PRECICE® dCK Phosphorylation Assay Kit

Microplate-based spectrophotometric assay for evaluating phosphorylation of ribo- and deoxyribonucleoside analogues by human recombinant deoxycytidine kinase.

Includes active human dCK enzyme High-throughput microplate format Validated with clinically important nucleoside analogues

The PRECICE®dCK Phosphorylation Assay Kit, developed by NOVOCIB's R&D team, provides a ready to use solution for evaluating the phosphorylation of novel ribonucleoside and deoxyribonucleoside analogues using the active human recombinant deoxycytidine kinase supplied in the kit. Each kit includes active human recombinant deoxycytidine kinase and calibrated solution of gemcitabine to ensure accurate and reproducible phosphorylation measurements without enzymology background.

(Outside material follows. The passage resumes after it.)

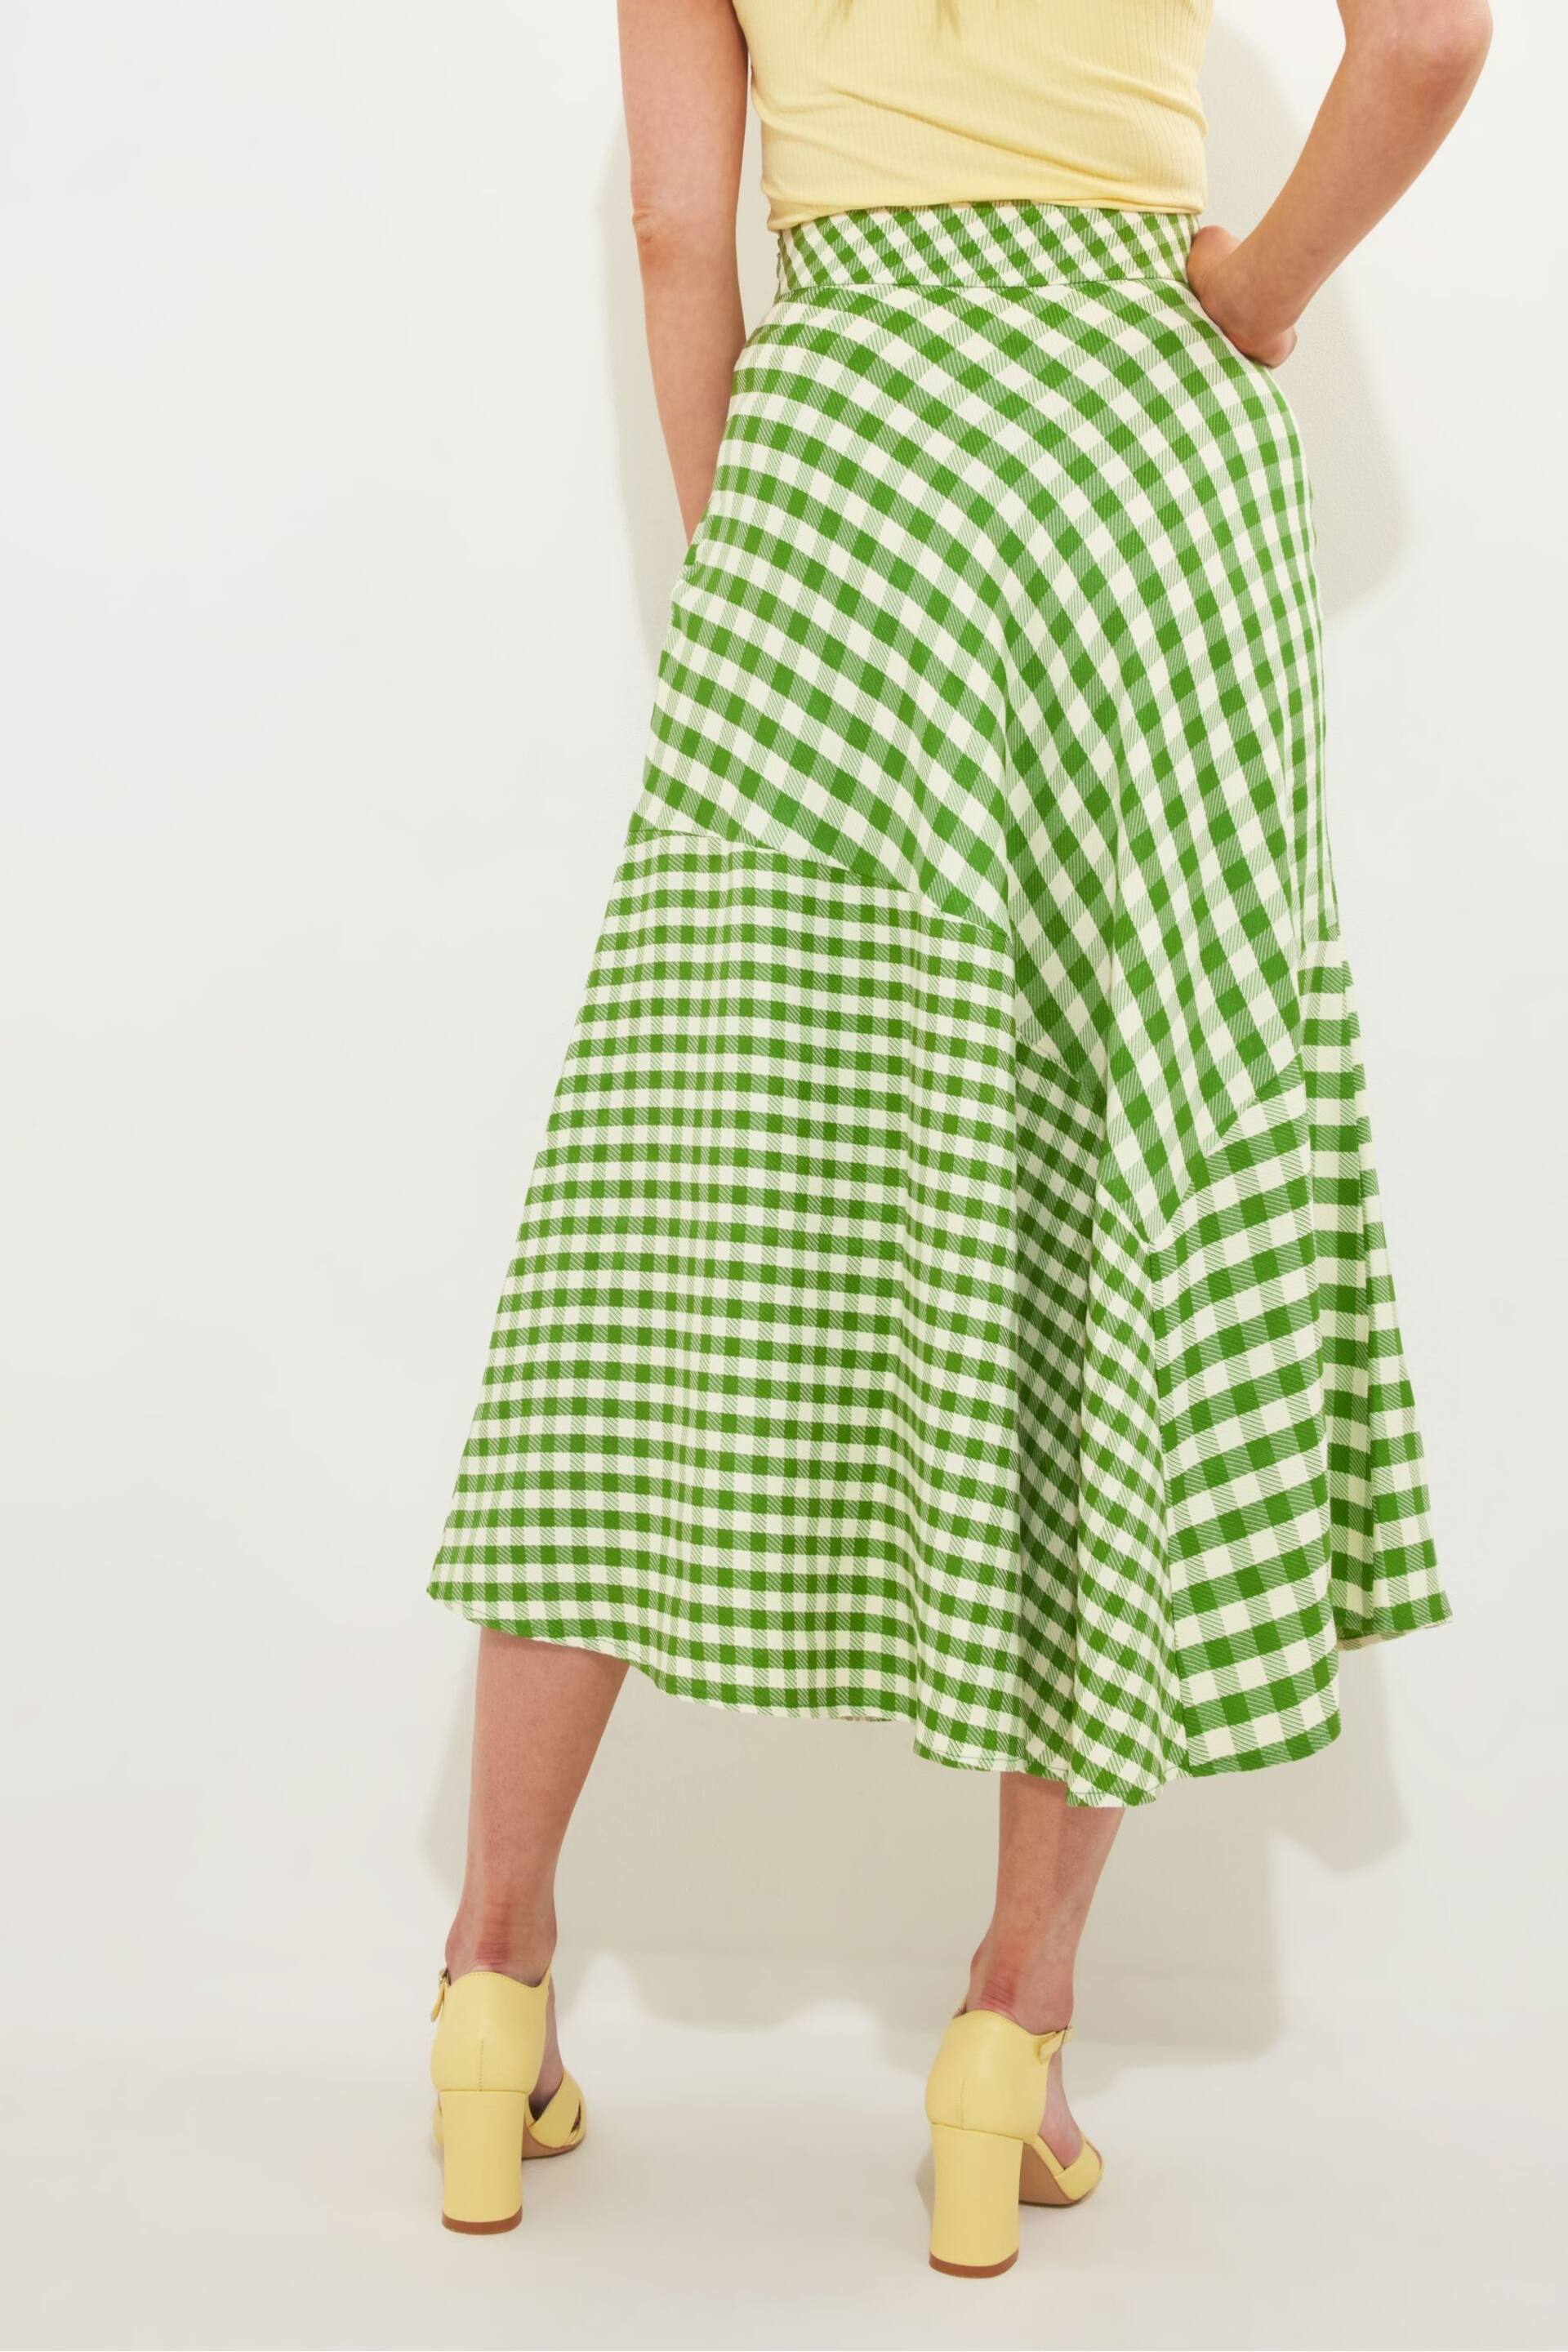 Joe Browns Green Retro Gingham Fit and Flare Full Maxi Skirt - Image 3 of 6

Human deoxycytidine kinase (dCK) has unusually broad specificity and is the activation enzyme for many anticancer and antiviral nucleoside analogues Human deoxycytidine kinase (dCK). It phosphorylates purine deoxynucleosides (dAR, dGR); pyrimidine deoxynucleosides (dCR); ribonucleoside (CR) and also nucleoside analogues cytarabine; gemcitabine; cladribine; fludarabine and L-nucleosides like lamivudine (3TC). Structural studies have shown how dCK accommodates both D- and L-nucleosides, explaining why it activates drugs of both chiralities.

Assay Principle

PRECICE® dCK Phosphorylation Assay Kit is based on the competitive inhibition of deoxyinosine (dIR) phosphorylation by human deoxycytidine kinase (dCK) in the presence of a nucleoside analogue.

  • In the absence of a nucleoside competitor, dCK phosphorylates deoxyinosine, producing dIMP.
  • dIMP is immediately oxidized by IMPDH to dXMP, with concomitant formation of NADH₂.
  • In the presence of a nucleoside competitor, phosphorylation of deoxyinosine (a poor dCK substrate) is inhibited, resulting in a decrease in NADH₂ formation.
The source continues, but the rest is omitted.